Patrick has said he supports the compromise legislation, hailed as a way to help consumers and small businesses combat rising health care costs. Legislators gave the bill final approval Saturday, the last day of the session.

The legislation strengthens the state Division of Insurance's ability to reject health insurers' proposed rate increases. Insurers would have to prove that no less than 88 percent of premiums goes toward paying for medical costs when filing rate increase requests. Otherwise, the requests will be rejected.

Eric Linzer, a spokesman for the Massachusetts Association of Health Plans, made up of insurance companies, said the provision was an improvement from the current approach.

"Ultimately, what we need to be doing is getting at the underlying costs because the bulk of the premium dollar goes to medical care," Linzer said.

The Massachusetts Hospital Association said the provision will be helpful to consumers.

"We want as much of the premium dollar going to care, not to red tape and administrative costs," said Tim Gens, the MHA's vice president and general counsel.

The Patrick administration this year rejected 235 of 274 premium hikes proposed by insurers for the April-to-June period, before reaching settlements with some of them.

Under the legislation, small businesses with less than 50 employers could form cooperatives to strengthen their purchasing power and health insurers would have to offer plans with low-cost health care providers in their networks.

Jon Hurst, president of the Retailer's Association of Massachusetts, said the bill will enable small businesses to obtain premium prices that large employers use their market clout to secure.

"This is the most important reform small businesses have seen in 20 years designed to give them and their employees' health insurance premium relief and equal rights under the law and in the marketplace," Hurst said.

Backers of the bill say it will accommodate consumers who don't want expensive comprehensive network plans and could help reduce premiums for consumers and businesses by 10 percent.

"This reform helps tens of thousands of people who can't afford insurance," said Sen. Mark Montigny, the lead Senate negotiator on the compromise bill.

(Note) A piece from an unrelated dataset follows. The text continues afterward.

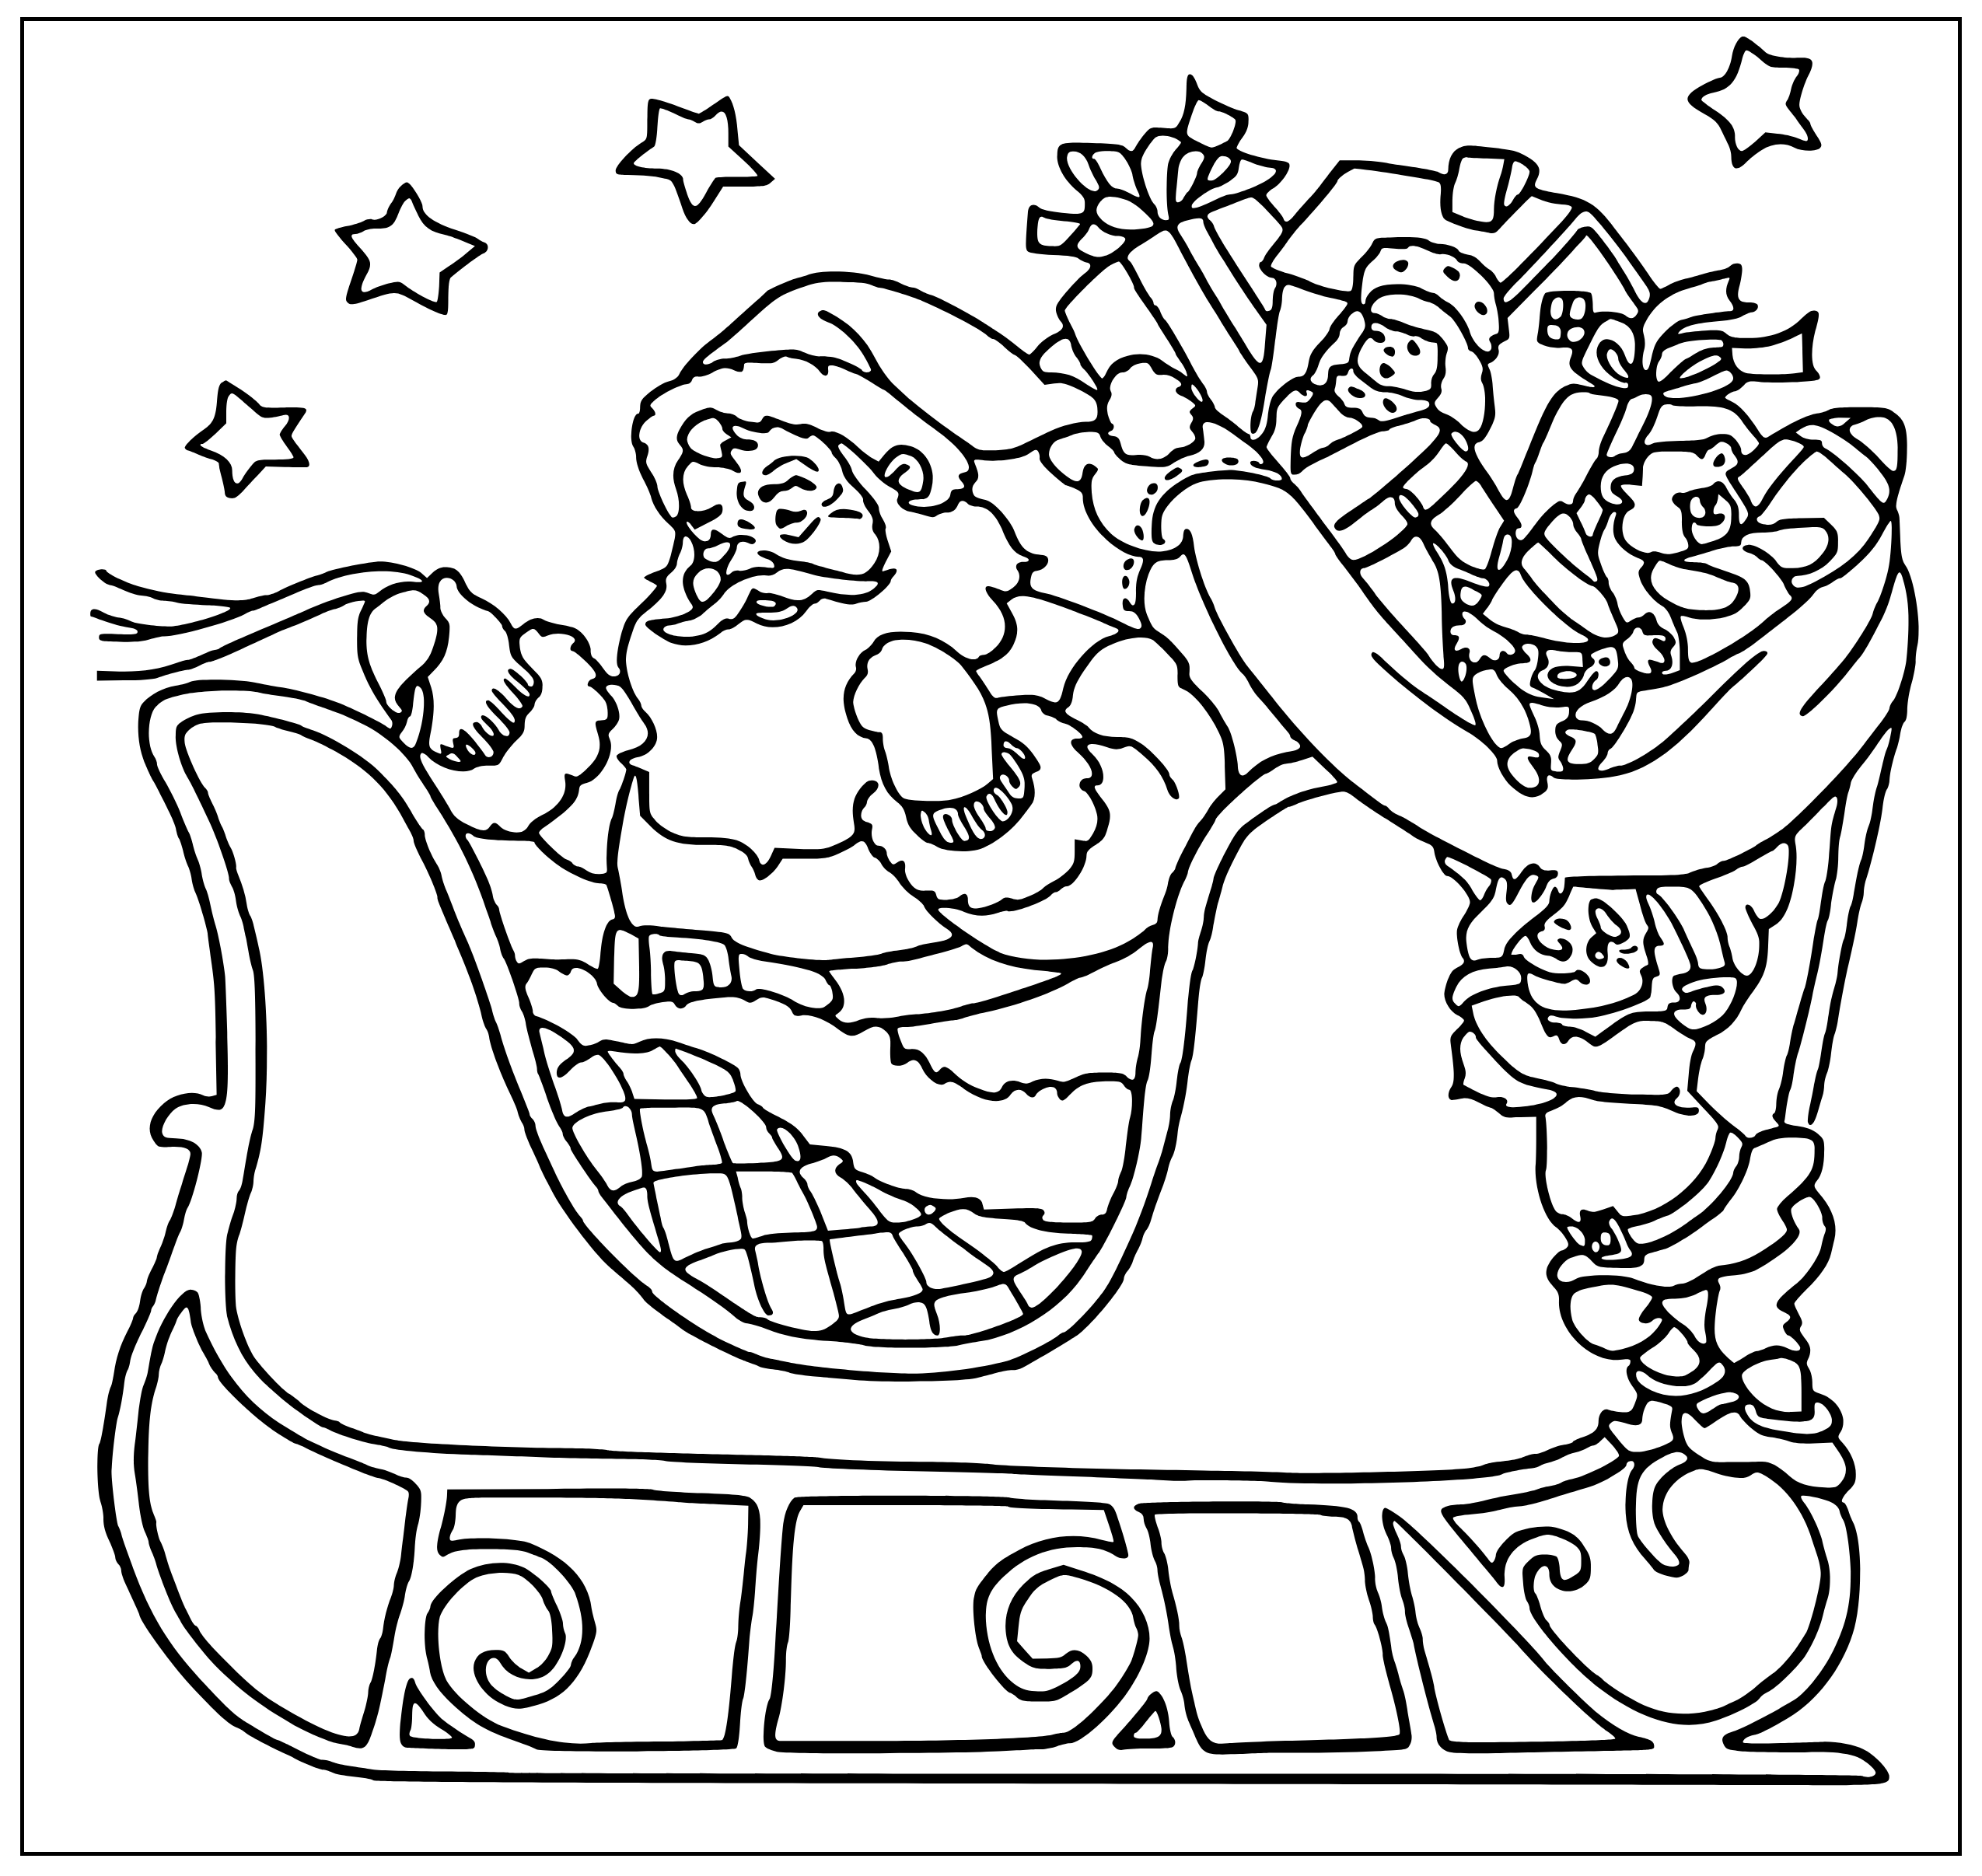 Printable santa and elves are sliding on the snowmobile Coloring Page for kids.

Rep. Ronald Mariano, the lead House negotiator, said a requirement under the bill that insurers factor in age every year instead of every five years will smooth out rate increases.

"The increases will be more reasonable and you can plan for them and handle them in your budget a little easier," Mariano said.

Another provision limits the number of open enrollment periods in which consumers can purchase insurance. The legislation calls for two open enrollment periods in 2011, and one every year thereafter.

Georgia Maheras of Health Care for All, a consumer advocacy group, said the problem arises when a person purchases health care before needed medical procedures and then drops coverage once the procedure is completed, increasing costs for the whole system.

Absent from the final bill was a Senate provision that would have generated $100 million through an assessment on hospitals. Senate negotiators said the House would not go along with the assessment.

Montigny said the bill sets the stage for future efforts to help consumers and small businesses afford constantly rising health care costs.

"All parties are on notice that we will be squeezing costs and taking away the free lunch on consumers," he said.